All data is presented in thousands of PLN unless stated otherwise
COMPUTERLAND S.A.
ABRIDGEDCONSOLIDATED SIX-MONTHLY FINANCIAL STATEMENTSFOR THE THREE-MONTH PERIODS ENDED 31 DECEMBER 2005 AND 31 DECEMBER 2004
PREPARED UNDER INTERNATIONAL FINANCIAL REPORTING STANDARDS
Contents
Management Board commentary to the financial statements for the IV quarter of 2005 3
Six-monthly consolidated balance sheet6
Six-monthly consolidated profit and loss account8
Six-monthly consolidated statement of changes in equity9
Six-monthly consolidatedcash-flow statement11
Notes to the abridged consolidated financial statements13
Management Board commentary to the financial statements for the fourth quarter of 2005
In 2005, the ComputerLand Group posted revenues of almost PLN 860 million, almost 14% more than the PLN 756 million in revenues noted in 2004. The operating and net result, prior to the adjustment connected with the claim by the Agency for the Restructuring and Modernisation of Agriculture (ARiMR), was PLN 44.2 mln and 21.7 mln respectively (table A1). The pre-adjustment results are higher than the figures forecasted by the Management Board on 19 October 2005 (a minimum of PLN 800 mln in revenue and a net profit of PLN 20 mln had been expected).

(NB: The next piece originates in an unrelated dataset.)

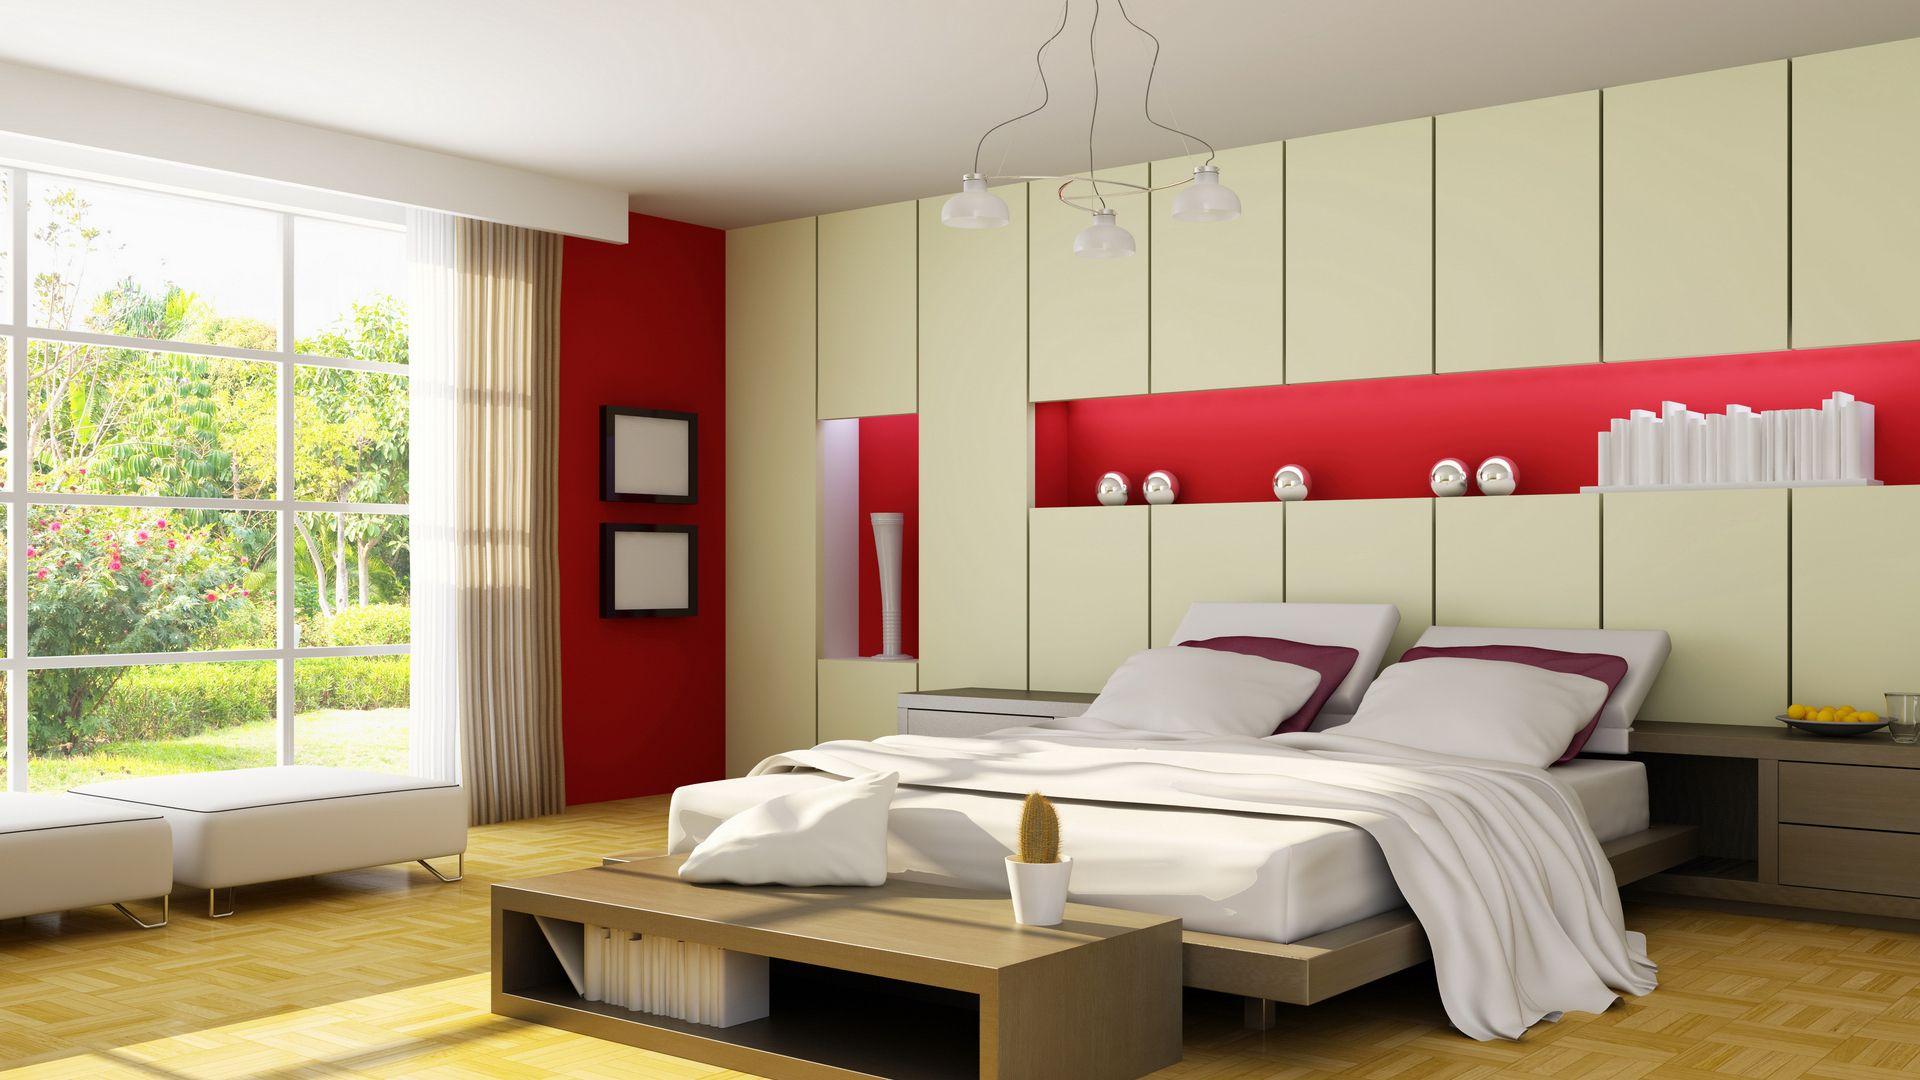 Pin de Sedes Tecnocasa M xico en Dormitorios Pinterest

These results were adjusted after the balance sheet date because of the need to create a provision to cover a claim put forward by ARiMR (table A2), which the Management Board reported in a communique of 31 January 2006.
Taking into above provision into account, the ComputerLand Group attained net revenues of PLN 858 mln, an operating profit of PLN 33.8 mln and a net profit of PLN 11.4 mln (table A3).This provision may be dissolved in connection with a possible settlement to be reached with ARiMR and the execution of recourse claimsvis-à-vis Techmex.
The costs of servicing convertible bonds were charged to the net results shown. These costs exceeded PLN 16 mln for the whole of 2005
Table A1 (prior to adjustment)
In PLN 000’s / 2005 / 2004 / ChangeSales revenues / 859 331 / 755 944 / 13.7%
Operating result / 44 216 / 43 657 / 1.3%
Net result / 21 671 / 12 310 / 76.0%
Table A2 (amount of adjustment)
In PLN 000’s / Effect of provision
Sales revenues / -744
Operating result / -10 378
Net result / -10 237
Table A3 (following adjustment)
In PLN 000’s / 2005 / 2004 / change
Sales revenues / 858 587 / 755 944 / 13.6%
Operating result / 33 838 / 43 657 / -22.5%
Net result / 11 434 / 12 310 / -7.1%
After three stable quarters of 2005 (with quarterly revenues of PLN 152 mln, 159 mln and 183 mln respectively), the fourth quarter turned out to be the best period in 2005, as expected. Revenues exceeded PLN 360 mln and the pre-adjustment operating and net result was PLN 18.8 mln and PLN 10.6 mln respectively (table B1).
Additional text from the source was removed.